Assuming the above forecast, we expect second quarter FFO to come in at between 73 and $0.75 per share, and we reiterate previously issued guidance of between 3 and $3.08 per share for the full year of 2009.

And Ken, I'll turn it back to you.

Kenneth F. Myszka

Okay, thanks Dave. Well, that concludes our prepared remarks. We'll be pleased to field any questions you might have.

Question-and-Answer Session

Operator

(Operator Instructions). Your first question comes from the line of David Tody with Citigroup. Your line is open.

David Tody - Citigroup

Good morning, everyone. Michael Bilerman is here with me as well. Thanks for your explanation on the line of credit. Just a couple of other questions, are there covenants that are close to limitations at this point or were during the quarter?

David Rogers

No. We're in good shape. That's always been the one that's limited us.

David Tody - Citigroup

And then can you tell us who the banks are on the line?

Kenneth Myszka

Well, there's two group, there is a bank lending group commercial bank, and there's a good group M&T Bank, Wells Fargo, HSBC, PMC, SunTrust. M&T Bank is the lead agent. We have BB&T, we have U.S. Bank, Bank of America and I'm going to be embarrassed by forgetting a couple, but I don't have the list. That's the commercial side.

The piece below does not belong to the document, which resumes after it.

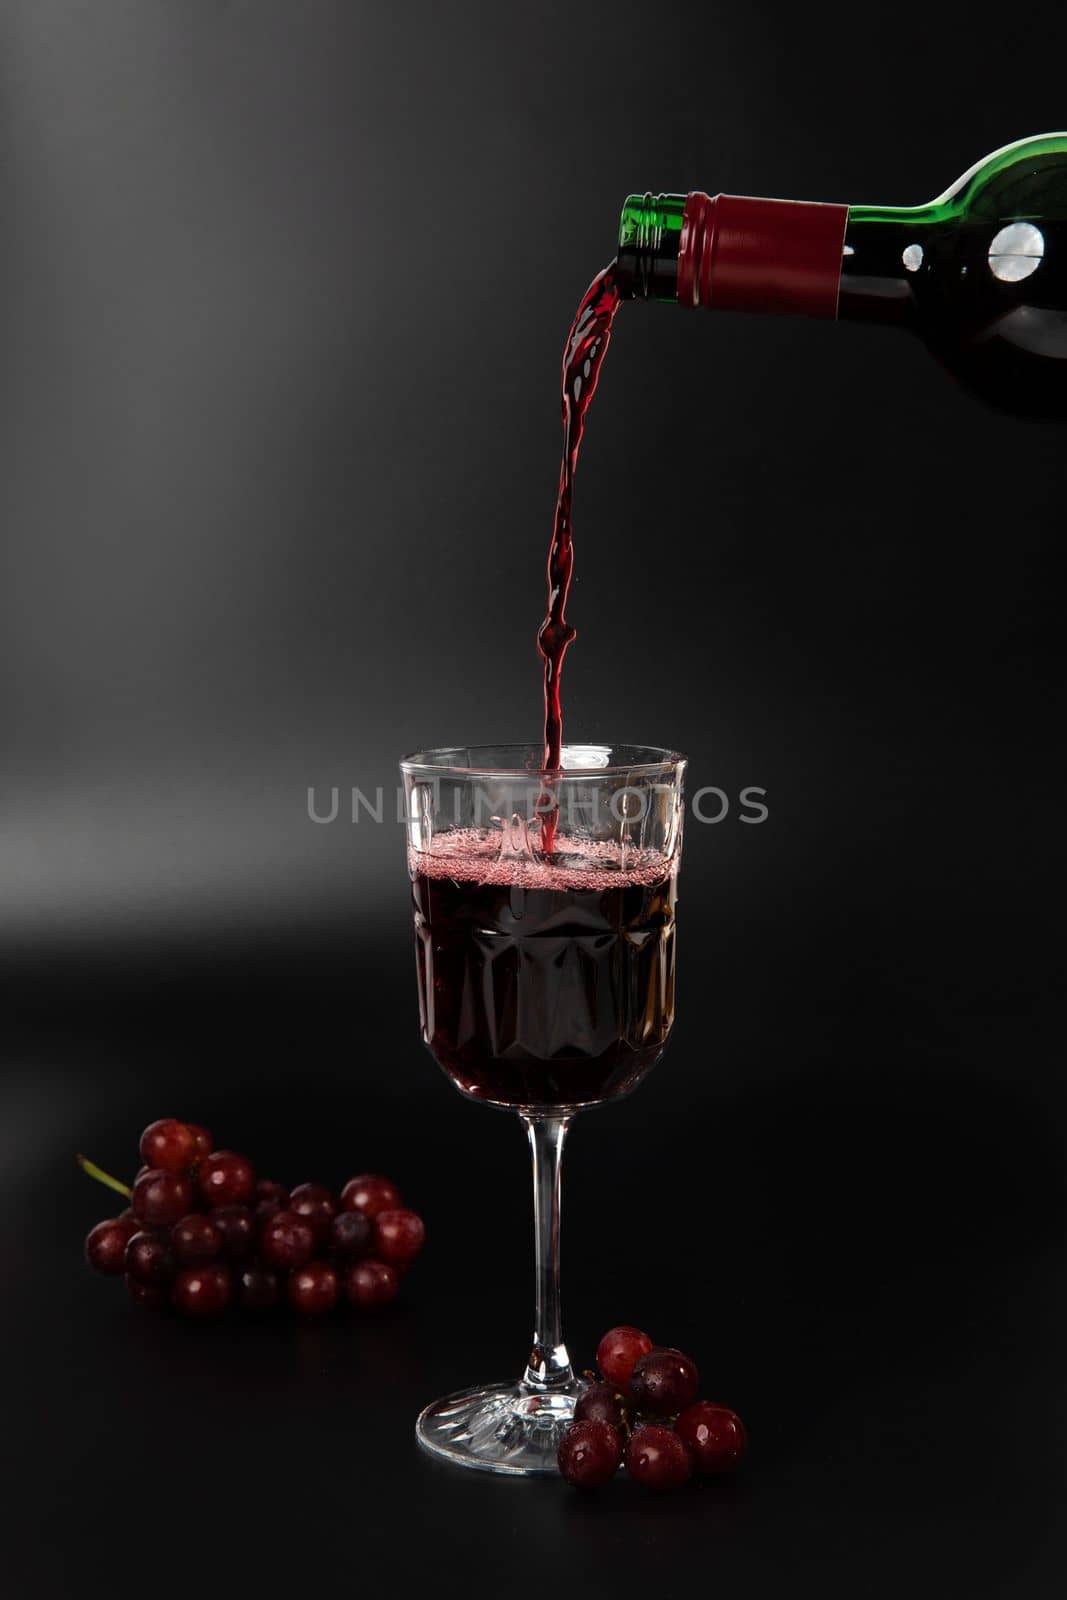 Red wine is poured into a wine glass on a black background with grapes and splash by Annebel146

On the long-term notes, we've typically done that with a group insurance companies, AIG, Principal, Prudential, MetLife and a host of a lot of agents and several others. So, there's two pools; the insurance notes are grouped into three distinct issues, one that expires in 2016 and two that expire on 2013.

Michael Bilerman - Citigroup

David, Michael Bilerman speaking, I guess if you don't get the waiver, what are you ... are you going to go ahead and try to raise other capital? It means the 25 million is stent ... don't you ... isn't there an eventual payout when the swap matures?

Kenneth Myszka

We pay it, David, as we go via the interest rate. So it's actually last I think March, a year ago, that was a $4 million asset. At September 30, for example, there was a $6 million liability. It grows ... we would only pay it off if we had to unwind.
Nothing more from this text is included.